Habida cuenta de que son estas empresas las que financian los medios de comunicación que construyen el relato del vecindario, de la bondad, la maldad y la legitimidad democrática, me supera emocionalmente que me hagan posicionarme ahora sobre si quiero guerra o no quiero guerra. Nos ametrallan con el terror diariamente en los informativos, nos venden que un grupo de asesinos fundamentalista nos tiene en el punto de mira y ahora nos preguntan: «¿Quieres, hijo, que acabemos con ellos?». A ver, claro que quiero. Quiero ahora y quería antes, cuando esos asesinos eran luchadores por la libertad contra el régimen de Al Assad. Quería acabar con los fundamentalistas también cuando el gobierno francés decía a la comunidad internacional que había que entregarles armas y entrenarles, por mucho que anduvieran cortando cabezas a los cristianos en un país como Siria, en que había libertad religiosa y una sociedad plural en la que convivían diferentes credos en armonía. ¿Es esto lo que llama «buenismo» esa nueva corriente de pragmáticos, que pide una guerra contra el terror como el que pide un gin tonic en la barra de un bar, ignorando los incalculables daños que una guerra conlleva siempre contra los sectores desfavorecidos? ¿Somos buenistas e ilusos los que pedimos que se deje de comerciar con Arabia Saudí, una dictadura que financia a los terroristas, en lugar de un bombardeo indiscriminado sobre un territorio que apenas conocemos, salvo por las informaciones sesgadas que nos prestan los patrocinadores del terror?
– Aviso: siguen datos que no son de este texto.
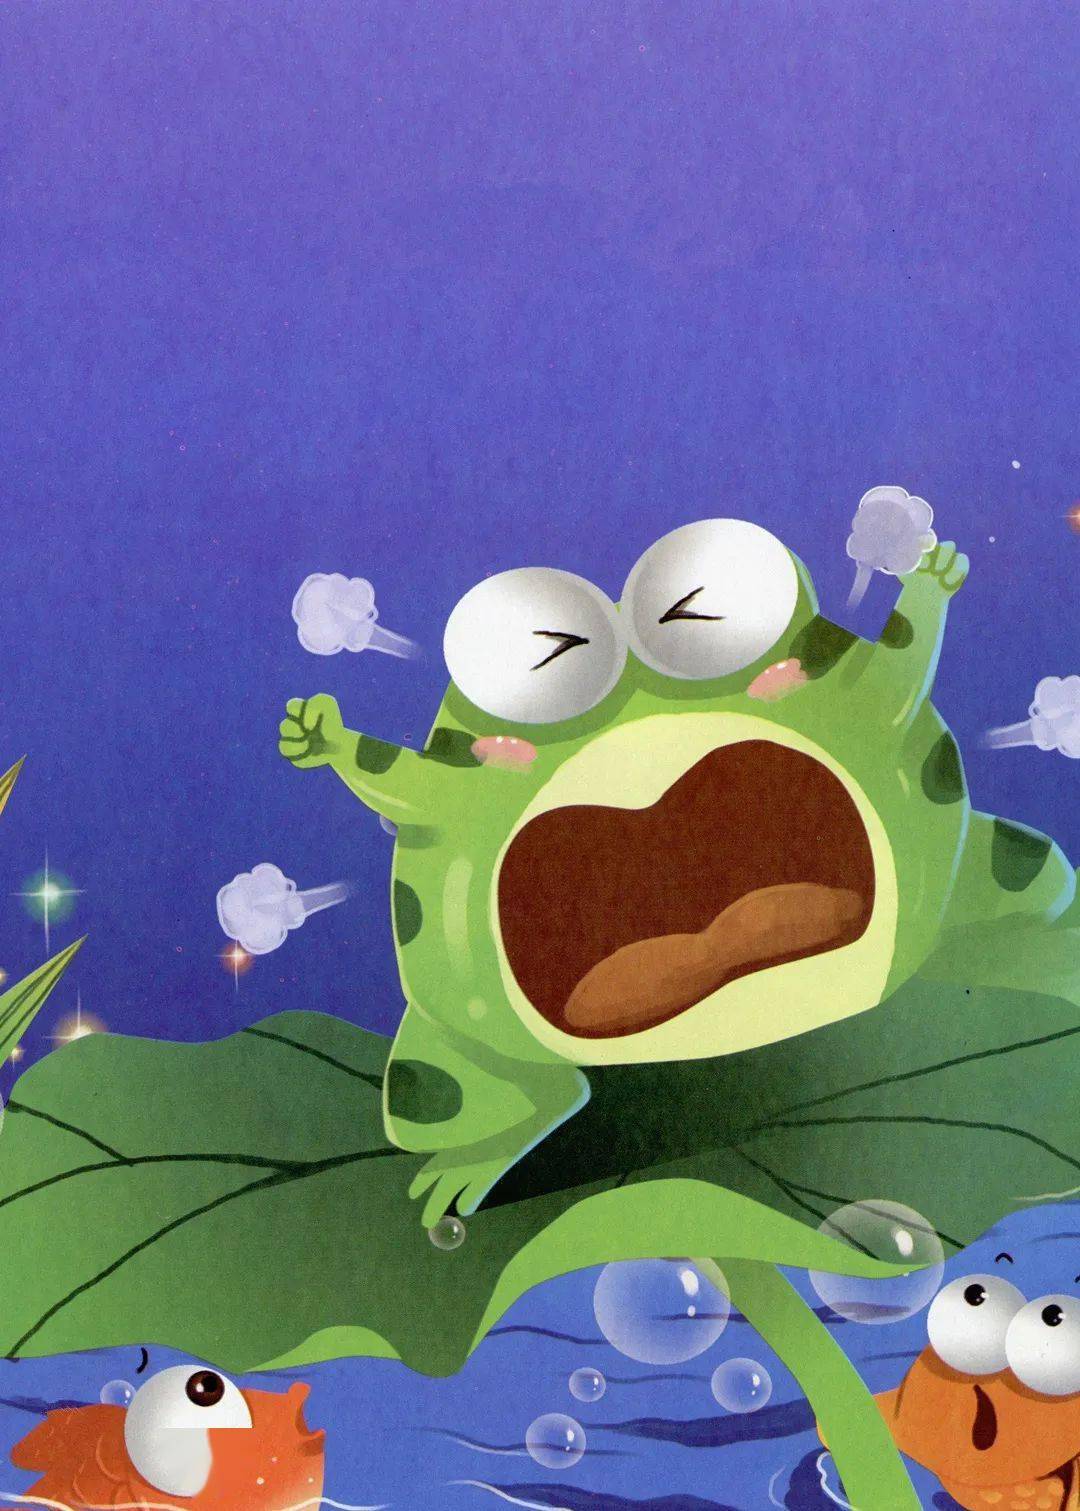 突然跳出一只小青蛙,睁着大眼睛,张着大嘴巴:我来啦!快讲吧!

“La guerra es siempre un horror y un fracaso del hombre como ser racional”, dice Marcial Vázquez en su columna de Confidencial Andaluz. No sigas, Marcial. No digas “la guerra es siempre un horror, pero…” porque ese “pero” siempre da lugar a razonamientos terribles. Me recuerda a cuando me dicen “no soy racista, pero…” o “no soy machista, pero…”. Después del pero, uno siempre se demuestra racista, machista o belicoso. La guerra es siempre un horror y por eso no quiero guerra. Porque las guerras nunca han solucionado nada y sólo han servido para incrementar la caja de las empresas armamentísticas, los bancos y las compañías petrolíferas, por cuyo beneficio mueren nuestros soldados y los civiles de los países invadidos.

Toda vez que uno se siente usuario de valores superiores –la democracia, la igualdad, la paz– lo último que debe hacer es mantenerlos mediante la violencia, porque entonces dejarían de ser valores. Supongo que estará usted en contra de la pena de muerte. Sí, hay asesinos despiadados, pederastas infectos, maltratadores, delincuentes irredentos que sólo buscan hacer daño. No quiero matarlos. No quiero, porque lo que me diferencia de ellos es que yo no mato ni estoy de acuerdo con lo que hacen. Es también lo que me diferencia del DAESH o de Al-Nusra. Es también lo que me diferencia de Hollande, de Bush, de Aznar, de Zapatero y lo que me diferencia de usted. A diferencia de vosotros, prefiero cortar relaciones con los países que amparan el terrorismo, prefiero denunciar a mi jefe de Estado por ser amigo de dictaduras sanguinarias, prefiero descreer a los medios de comunicación que me vendieron el terror como respuesta adecuada. Si dedicamos un poco de tiempo a reflexionar, surgen soluciones alternativas al bombardeo para acabar con el yihadismo por la vía de la diplomacia. Puede que a usted le parezcan buenistas; está en su derecho. A mí los bombardeos, además de malistas, me parecen ineficaces, dañinos, perversos e interesados. Y promoverlos, desde la comodidad de un salón caldeado, un acto de verdadera irresponsabilidad.